Synchronize Your Data with rsync

Rsync is the perfect synchronization tool for keeping your data in sync. The program manages file properties and uses SSH to encrypt your data, and it is perfect for transferring large volumes of data if the target computer has a copy of a previous version. Rsync checks for differences between the source and target versions. The tool that has been developed by the Samba team uses an efficient checksum-search algorithm for comparing data; rsync only transfers the differences between the two sides and therefore saves time and bandwidth.

In Sync

The generic syntax for rsync is rsync [options] source target, where target can be a local target on the same machine or a remote target on another machine. The choice of source and target is critical; decide carefully in which direction you will by synchronizing to avoid loss of data. If you’re not sure that you’re using the correct options or the correct source/​target, you can run rsync with the ‑n flag to tell the program to perform a trial run. Additionally, you can increase the amount of information by defining ‑v and switching to verbose output.

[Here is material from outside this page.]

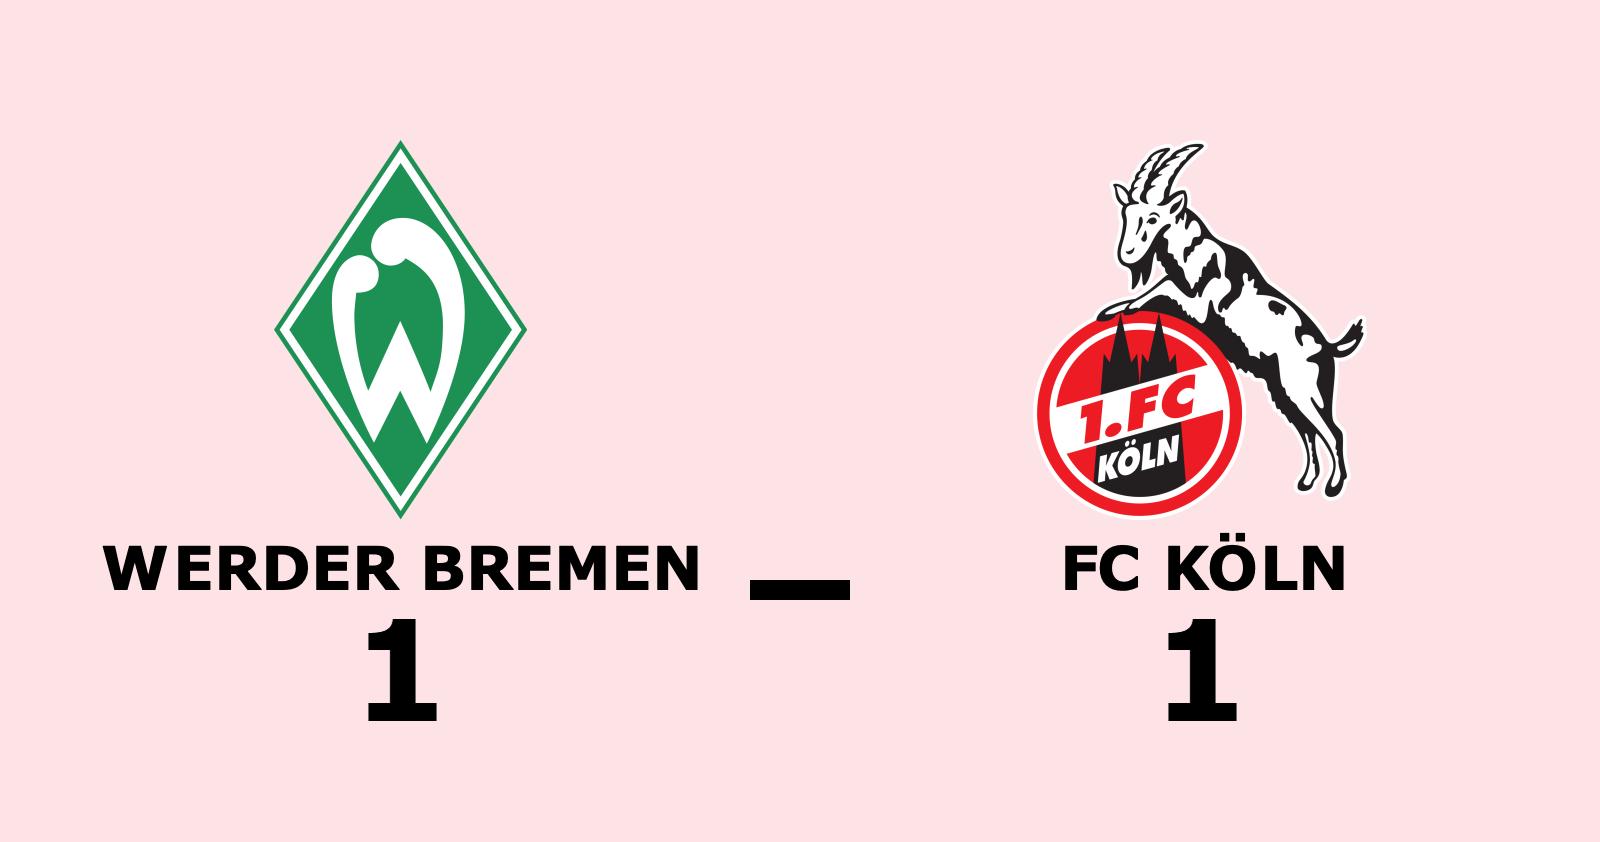 Fortsatt tungt för FC Köln - oavgjort mot Werder Bremen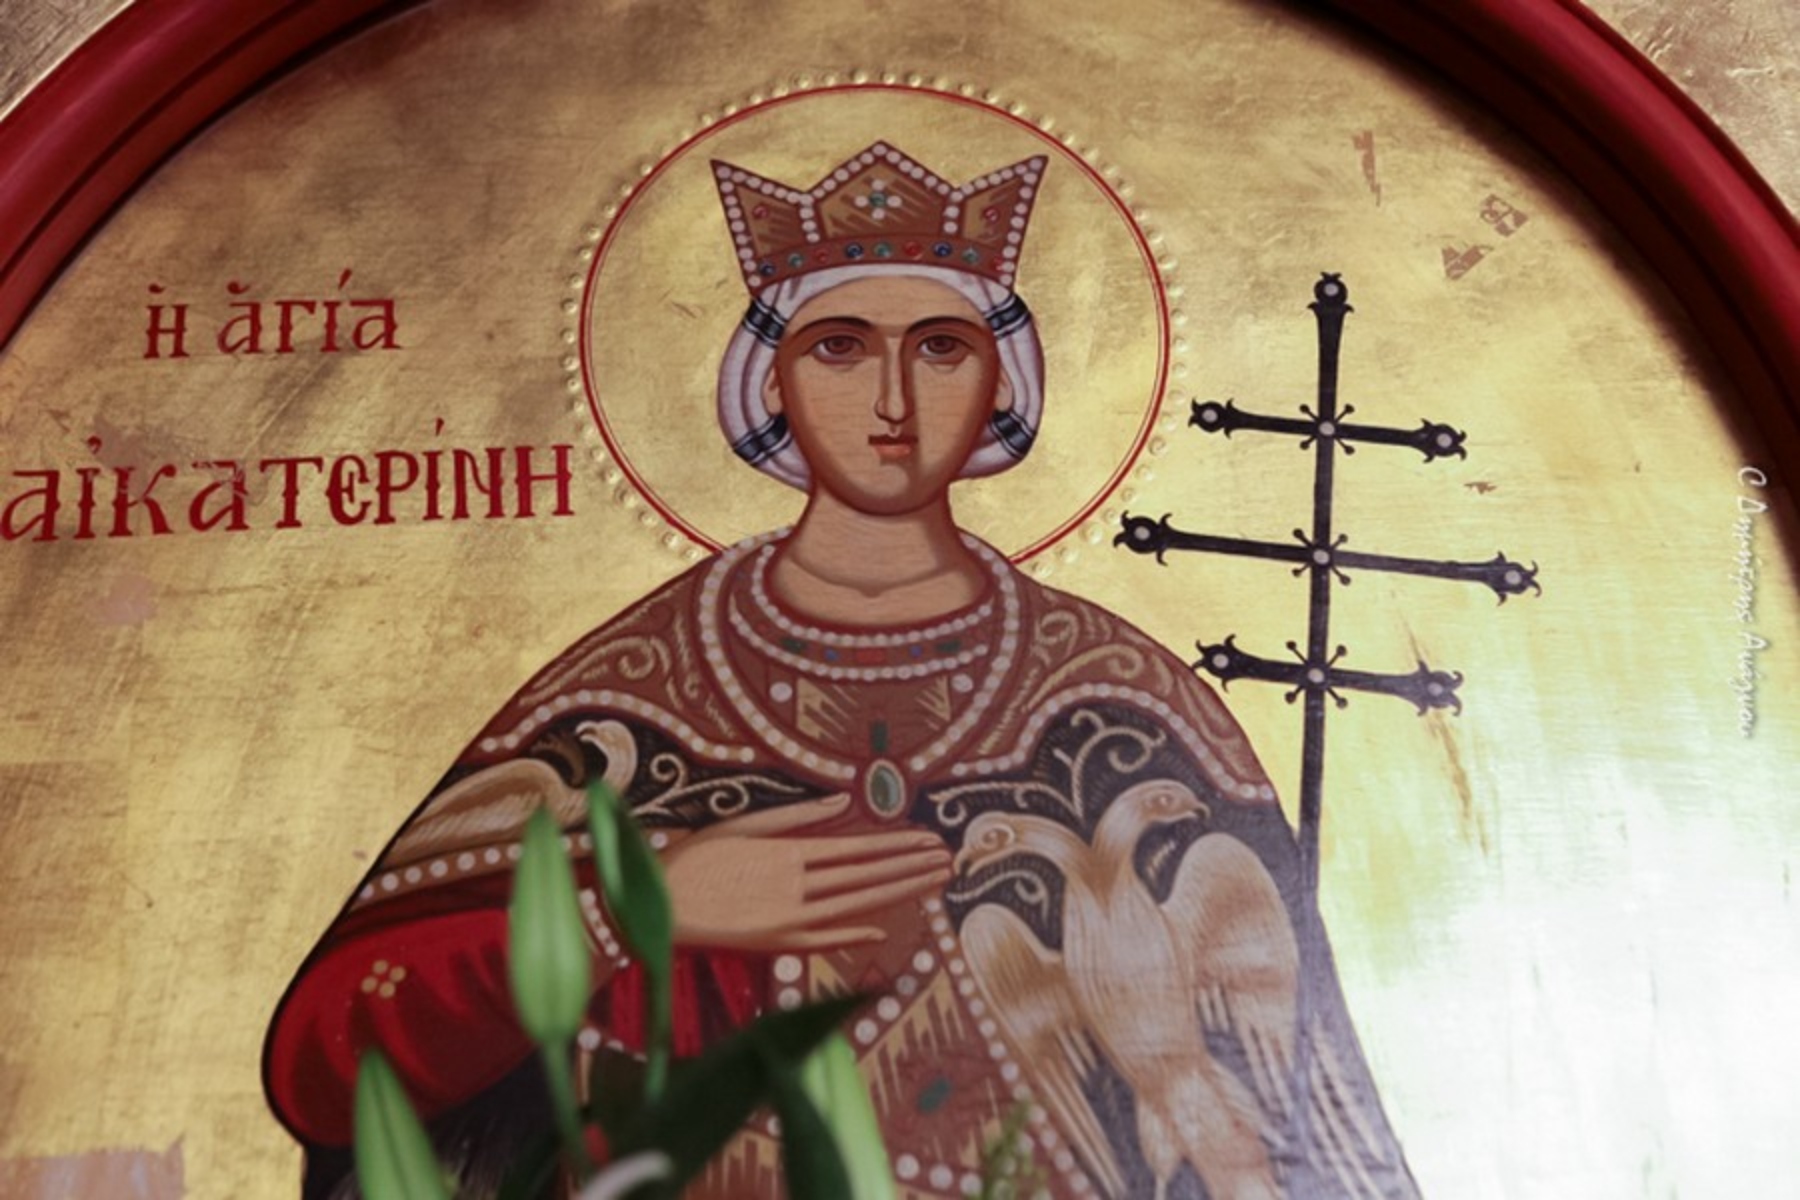 Αγία Αικατερίνη: Η μεγαλομάρτυρας της Ορθοδοξίας γιορτάζει αύριο 25 Νοεμβρίου

To mirror a directory dir1 on a local machine, for example, type:

$ rsync dir1/* dir2/
skipping directory foo
skipping directory bar
skipping non‑regular file "text.txt"

As the output shows, rsync would transfer normal files but leave out subdirectories and symbolic links (non‑regular file). To transfer directories recursively down to the lowest level, you should specify the ‑r option. Using the ‑l flag additionally picks up your symlinks. Of course, a combination of the options is also possible:

rsync ‑lr dir1/* dir2/

Rsync has an alternative approach to handling symlinks. If you replace ‑l with ‑L, the program will resolve the link, and your former symlinks will end up as “normal” files at the target.

Be careful with the slash – appending a slash to a directory name influences the way rsync handles an operation (see the “Common Rsync Traps” box).

Common Rsync Traps

Some rsync options could cause trouble if you don’t use them with caution. Being aware of these common mistakes can help.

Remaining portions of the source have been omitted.